The answer evidently is that they did nothing. Nicholas Nickleby invested his wife's money with the Cheerybles and "became a rich and prosperous merchant," but as he immediately retired into Devonshire, we can assume that he did not work very hard. Mr. and Mrs. Snodgrass "purchased and cultivated a small farm, more for occupation than profit." That is the spirit in which most of Dickens's books end—a sort of radiant idleness. Where he appears to disapprove of young men who do not work (Harthouse, Harry Gowan, Richard Carstone, Wrayburn before his reformation), it is because they are cynical and immoral or because they are a burden on somebody else; if you are "good," and also self-supporting, there is no reason why you should not spend fifty years in simply drawing your dividends. Home life is always enough. And, after all, it was the general assumption of his age. The "genteel sufficiency," the "competence," the "gentleman of independent means" (or "in easy circumstances")—the very phrases tell one all about the strange, empty dream of the eighteenth-and nineteenth-century middle bourgeoisie. It was a dream of
complete idleness.
Charles Reade conveys its spirit perfectly in the ending of
Hard Cash.
Alfred Hardie, hero of
Hard Cash,
is the typical nineteenth-century novel-hero (public-school style), with gifts which Reade describes as amounting to "genius." He is an old Etonian and a scholar of Oxford, he knows most of the Greek and Latin classics by heart, he can box with prize-fighters and win the Diamond Sculls at Henley. He goes through incredible adventures in which, of course, he behaves with faultless heroism, and then, at the age of twenty-five, he inherits a fortune, marries his Julia Dodd and settles down in the suburbs of Liverpool, in the same house as his parents-in-law:

 

They all lived together at Albion Villa, thanks to Alfred ... Oh, you happy little villa! You were as like Paradise as any mortal dwelling can be. A day came, however, when your walls could no longer hold all the happy inmates. Julia presented Alfred with a lovely boy; enter two nurses, and the villa showed symptoms of bursting. Two months more, and Alfred and his wife overflowed into the next villa. It was but twenty yards off; and there was a double reason for the migration. As often happens after a long separation, Heaven bestowed on Captain and Mrs.
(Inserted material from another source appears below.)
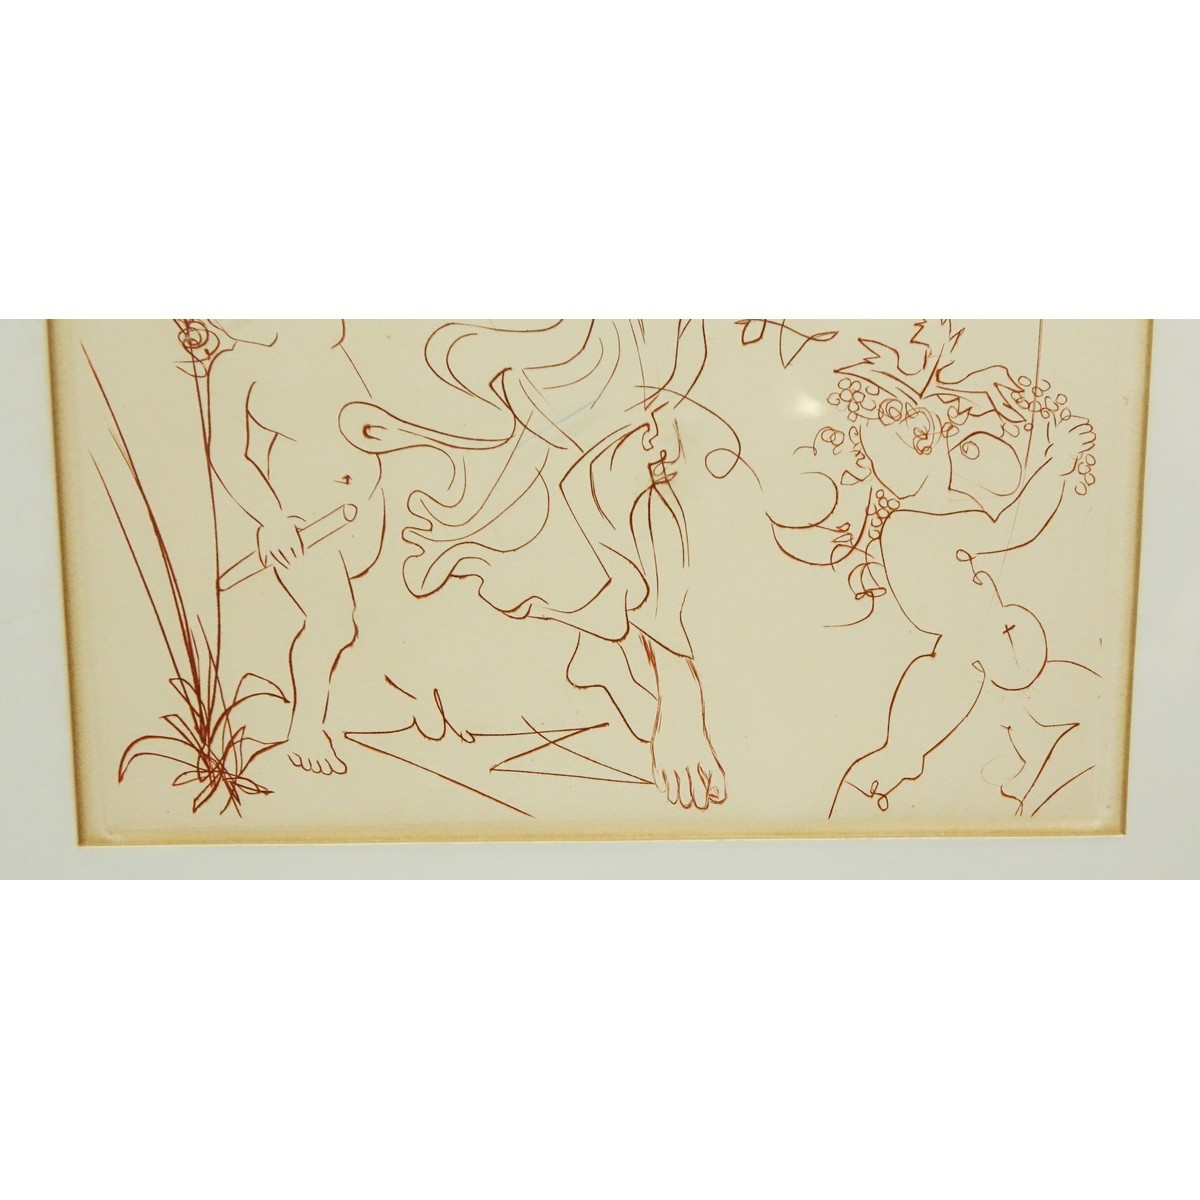 Salvador Dali, Spanish  (1904 - 1989) Original Color Engraving "Autumn" Signed in the Plate. Toning to paper overall good condition.

Dodd another infant to play about their knees, etc. etc. etc.

 

This is the type of the Victorian happy ending—a vision of a huge, loving family of three or four generations, all crammed together in the same house and constantly multiplying, like a bed of oysters. What is striking about it is the utterly soft, sheltered, effortless life that it implies. It is not even a violent idleness, like Squire Western's. That is the significance of Dickens's urban background and his non-interest in the blackguardly-sporting-military side of life. His heroes, once they had come into money and "settled down," would not only do no work; they would not even ride, hunt, shoot, fight duels, elope with actresses or lose money at the races. They would simply live at home in feather-bed respectability, and preferably next door to a blood-relation living exactly the same life:

 

The first act of Nicholas, when he became a rich and prosperous merchant, was to buy his father's old house. As time crept on, and there came gradually about him a group of lovely children, it was altered and enlarged; but none of the old rooms were ever pulled down, no old tree was ever rooted up, nothing with which there was any association of bygone times was ever removed or changed.

Within a stone's-throw was another retreat, enlivened by children's pleasant voices too; and here was Kate ... the same true, gentle creature, the same fond sister, the same in the love of all about her, as in her girlish days.